Return the data below exactly, please, but drop the pictures.

## GIVEN INFORMATION

>>

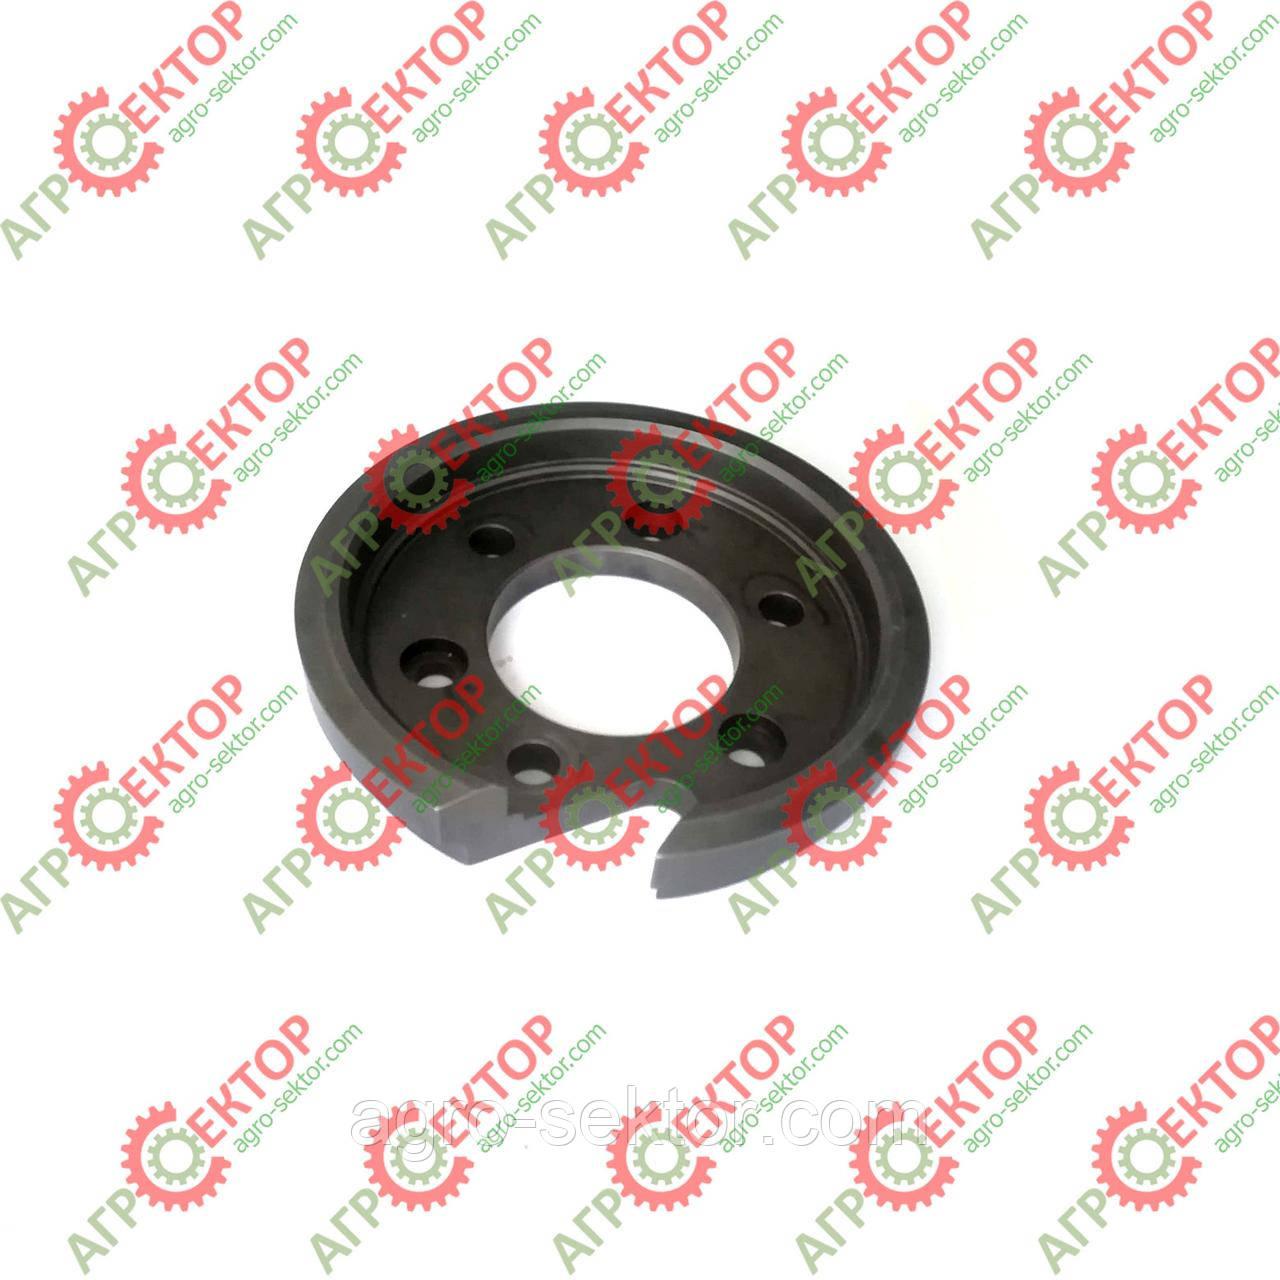 Колесо храповое шестерни включення в'язального апарату прес-підбирача Famarol Z-511 8245-511-007-131
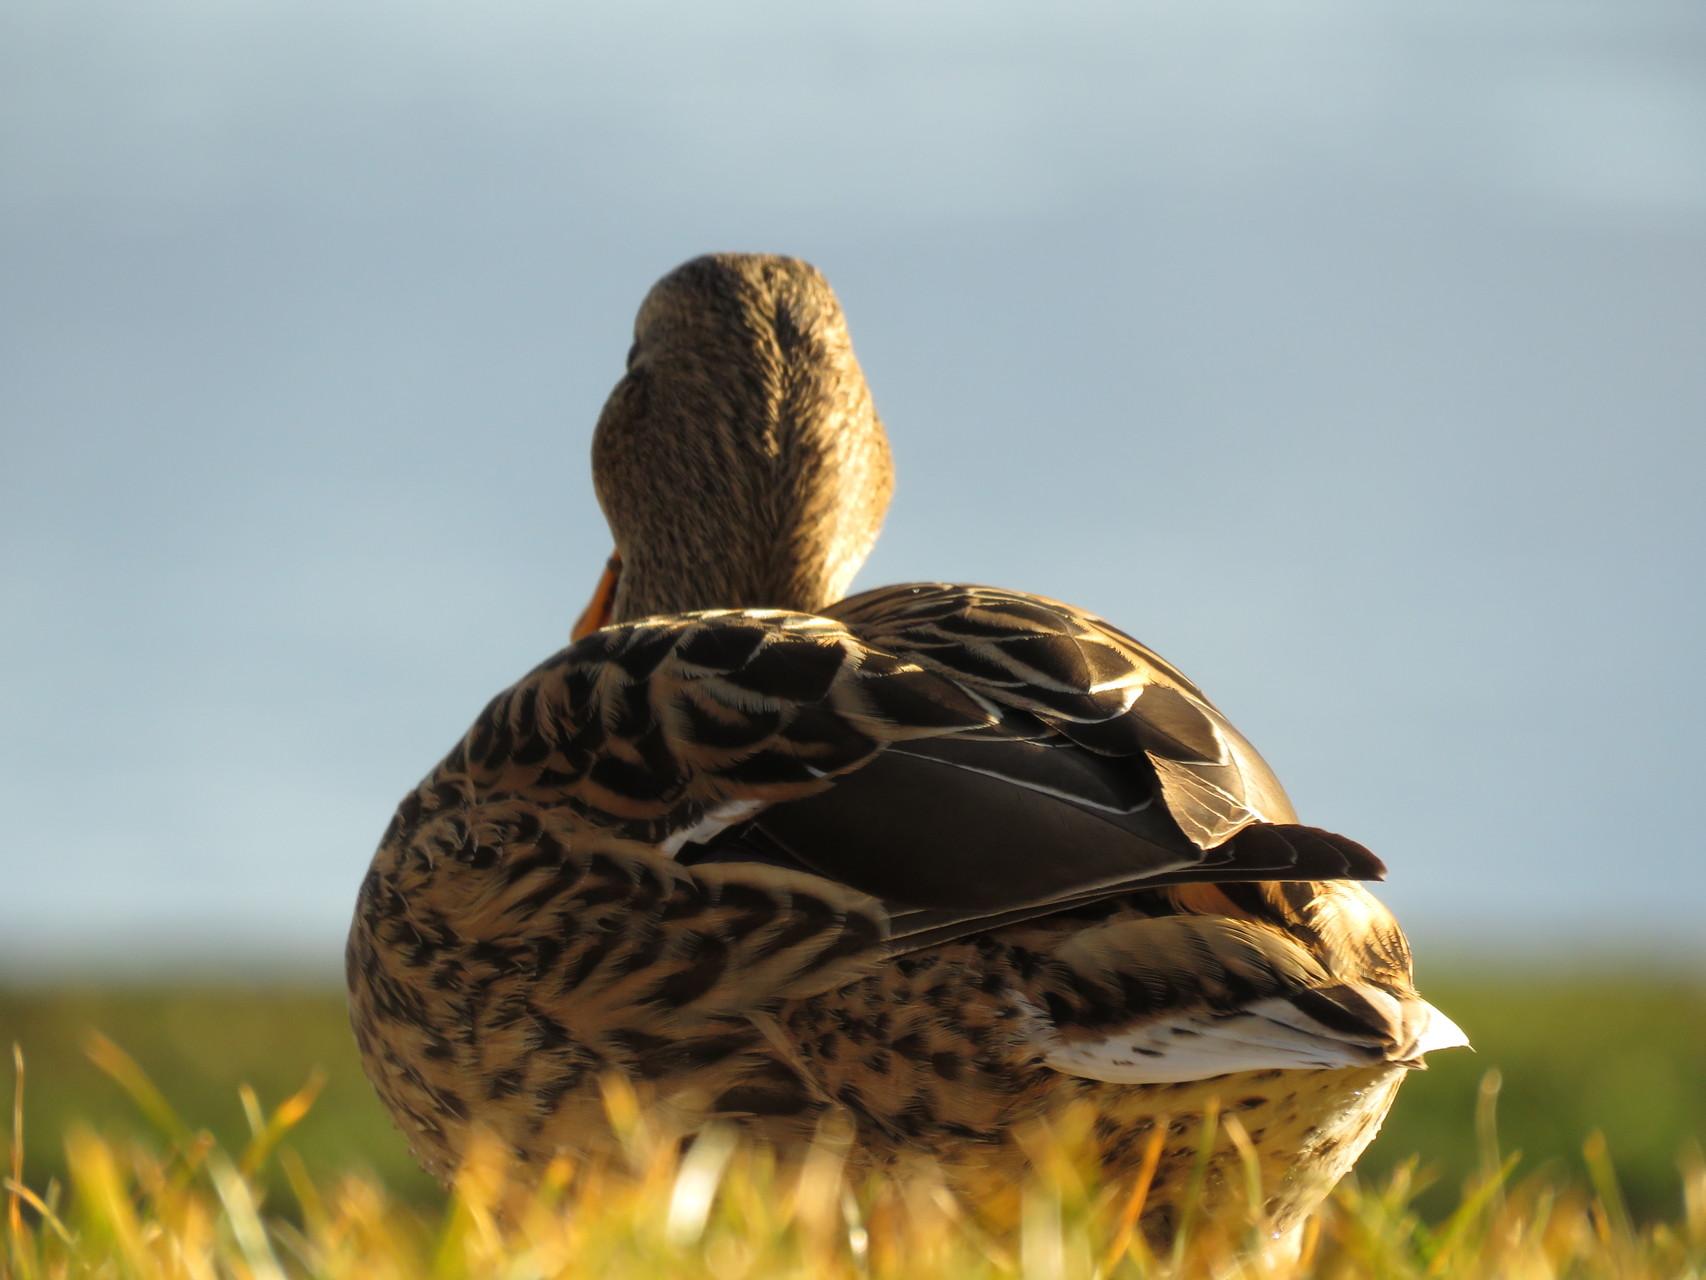 27_Ente mit Blick in die Ferne am Chiemsee in Bayern
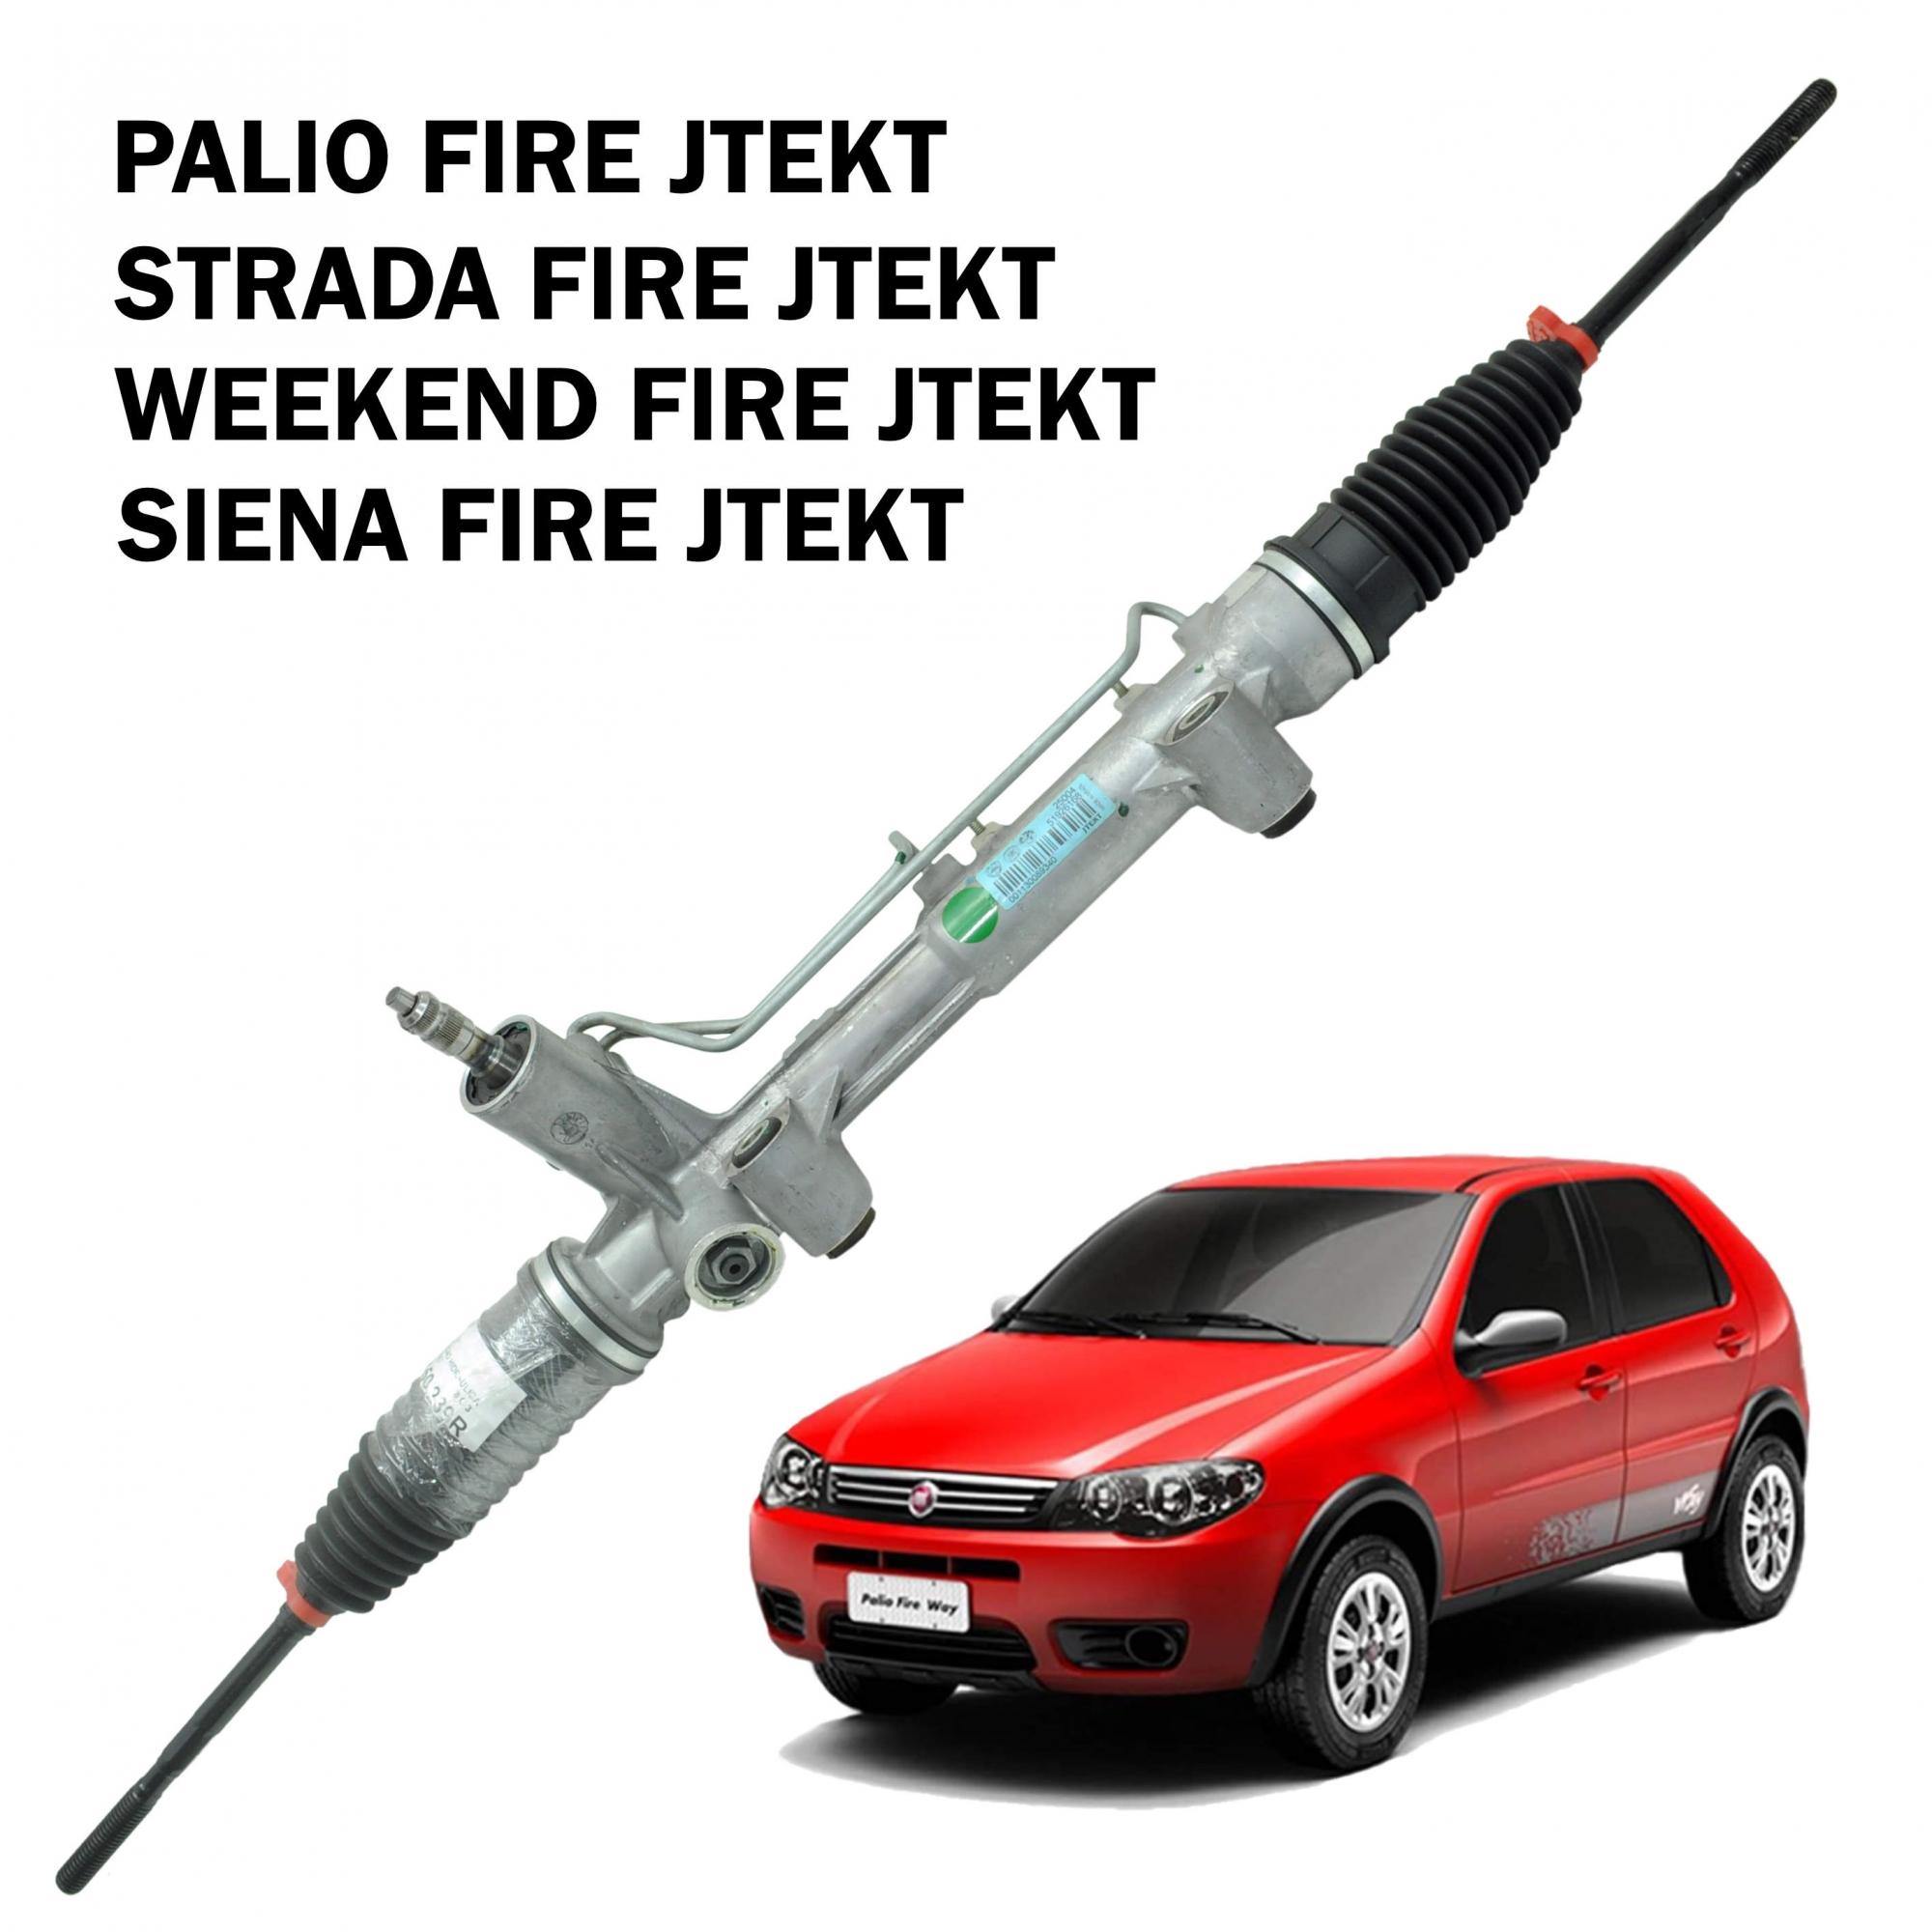 Caixa Direção Hidráulica JTEKT Palio Fire, Strada , Siena, Weekend 51891678

<<

## TASK RESULT
 Колесо храповое шестерни включення в'язального апарату прес-підбирача Famarol Z-511 8245-511-007-131
 27_Ente mit Blick in die Ferne am Chiemsee in Bayern
 Caixa Direção Hidráulica JTEKT Palio Fire, Strada , Siena, Weekend 51891678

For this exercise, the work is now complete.